In his latest note, Morgan Stanley’s Michael Wilson — the head of U.S. equity research who was one of the few people on Wall Street to correctly anticipate this year’s selloff — suggested that equity investors have perhaps been a little too eager to price in a “pause” to the Fed’s rate-hike cycle this week.

During the past few Fed tightening cycles, there has typically been a pause between the end of the Fed’s rate hikes and the start of a recession. But with inflation running at its highest level in 40 years, and leading indicators suggesting that growth is already slipping, Wilson believes that the situation will likely be different this time around.

The question, now, is whether the Federal Reserve will halt its rate hikes later this year in an attempt to save the economy from a punishing recession. Fed Chairman Jerome Powell has already acknowledged that the Fed’s rate hikes could drive the economy into a recession, although he has insisted that this isn’t the Fed’s goal — rather, the central bank is hoping to engineer a “soft landing” that will see the unemployment rate move toward 5%, enough to blunt demand in a way that would undercut inflation.


Source: Morgan Stanley

And while Wilson believes that markets are likely correct in assuming that inflationary pressures have likely already peaked (given the recent weakness in commodity prices), the notion that the Fed could stave off a recession by dialing back rate hikes later this year seems more like wishful thinking.

“While we appreciate that the market (and investors) may be trying to leap ahead here to get in front of what could be a bullish signal for equity valuations, we remain skeptical that the Fed can reverse the negative trends for demand that are now well established,” Wilson said.

Morgan Stanley isn’t the only bank wondering whether markets have been too quick to price in the possibility that the Federal Reserve could start cutting interest rates as soon as February (which is what Fed funds futures markets currently suggest, according to the CME’s FedWatch tool).

Read: The Fed could get lucky or things might go wrong. A guide to where the economy might go from here

Economists at Deutsche Bank speculated last week that the Fed won’t be able to start cutting rates again until the official data reflect a sharp slowdown in price pressures while unemployment moves above 6%.

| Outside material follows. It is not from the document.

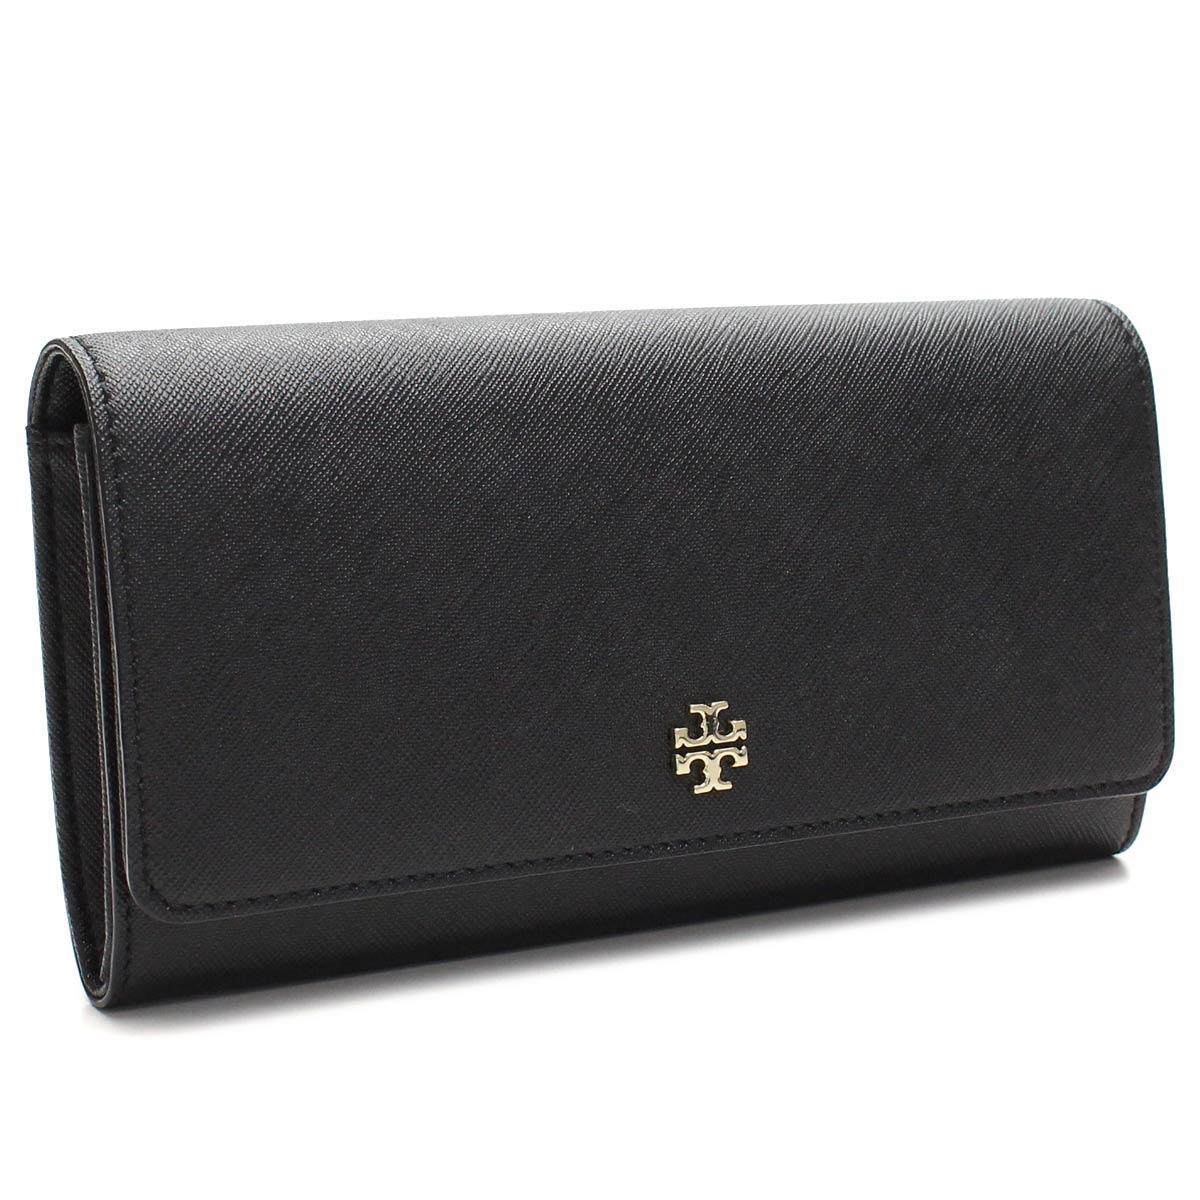 4de5439fa7d6 Bighit The total brand wholesale  Tory Burch (TORY BURCH) ROBINSON ENVELOPE  CONTINENTAL wallet two fold rubx 11169072-001 BLACK black wallet(  taxfree send ...
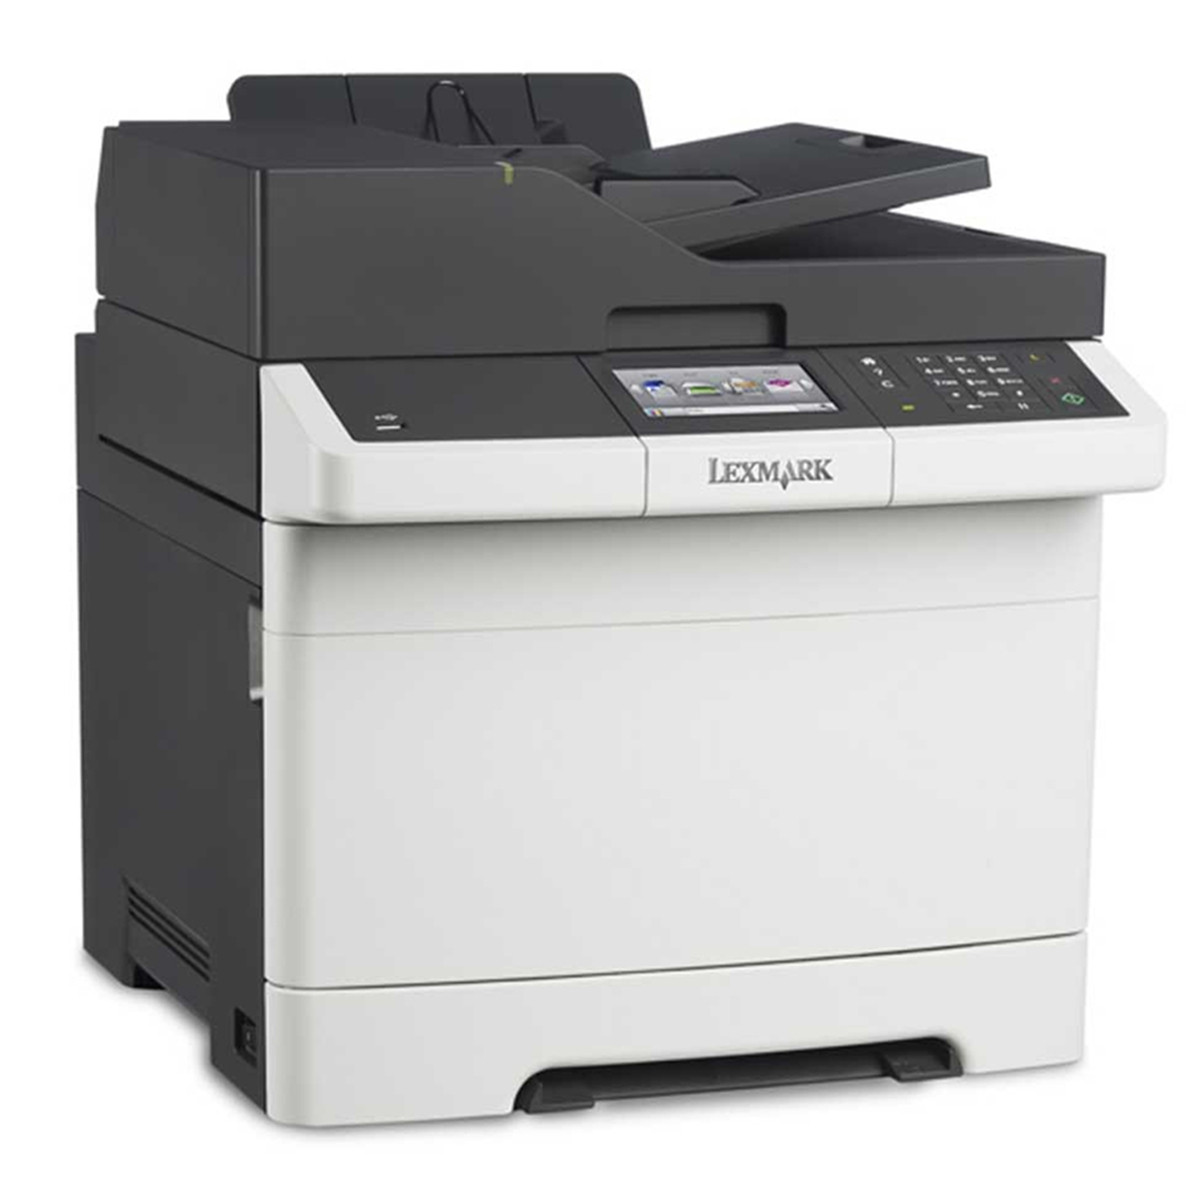 Impressora Lexmark CX417DE CX417   Multifuncional Laser Colorida com Duplex e Rede

Former Richmond Federal Reserve President Jeffrey Lacker expressed a similar view on Friday. He said that the Fed will likely need to continue hiking rates into a recession, and that the Fed funds rate would likely need to surmount the rate of core inflation — which presently stands at just under 6% — to effectively constrain inflation. Of course, Fed funds traders don’t expect the benchmark rate to rise anywhere close to this level.

Wilson also claimed that stocks could face headwinds as expectations for corporate earnings over the next year continue to weaken as inflation saps consumer spending power while increasing input costs for corporations. Right now, more analysts are cutting expectations for S&P 500 sector earnings than are raising them, which is another reason to favor “defensive” growth stocks over the megacap tech stocks that led the market higher for years after the Great Financial Crisis, and have also led the latest rebound.

Read: Morgan Stanley finds a way to trade U.S. dollar based on obscure market’s accuracy on inflation

Depending on the sector, analysts have cut earnings expectations over the next 12 months by a range of 28% to a whopping 45%. Transportation, materials, insurance and consumer durables are seeing the biggest downward revisions.

For now, at least, stocks appear content to grind higher despite the event risk lying ahead: in addition to this week being the busiest week for corporate earnings, the Federal Reserve is expected to announce its next rate hike Wednesday following the conclusion of its latest two-day policy meeting.

The S&P 500
SPX,
-0.34%

was up 0.2% in recent trading, while the Dow Jones Industrial Average
DJIA,
-0.12%

was up 0.3%. Only the Nasdaq Composite
COMP,
-0.98%

was lower on the day, down 0.2%.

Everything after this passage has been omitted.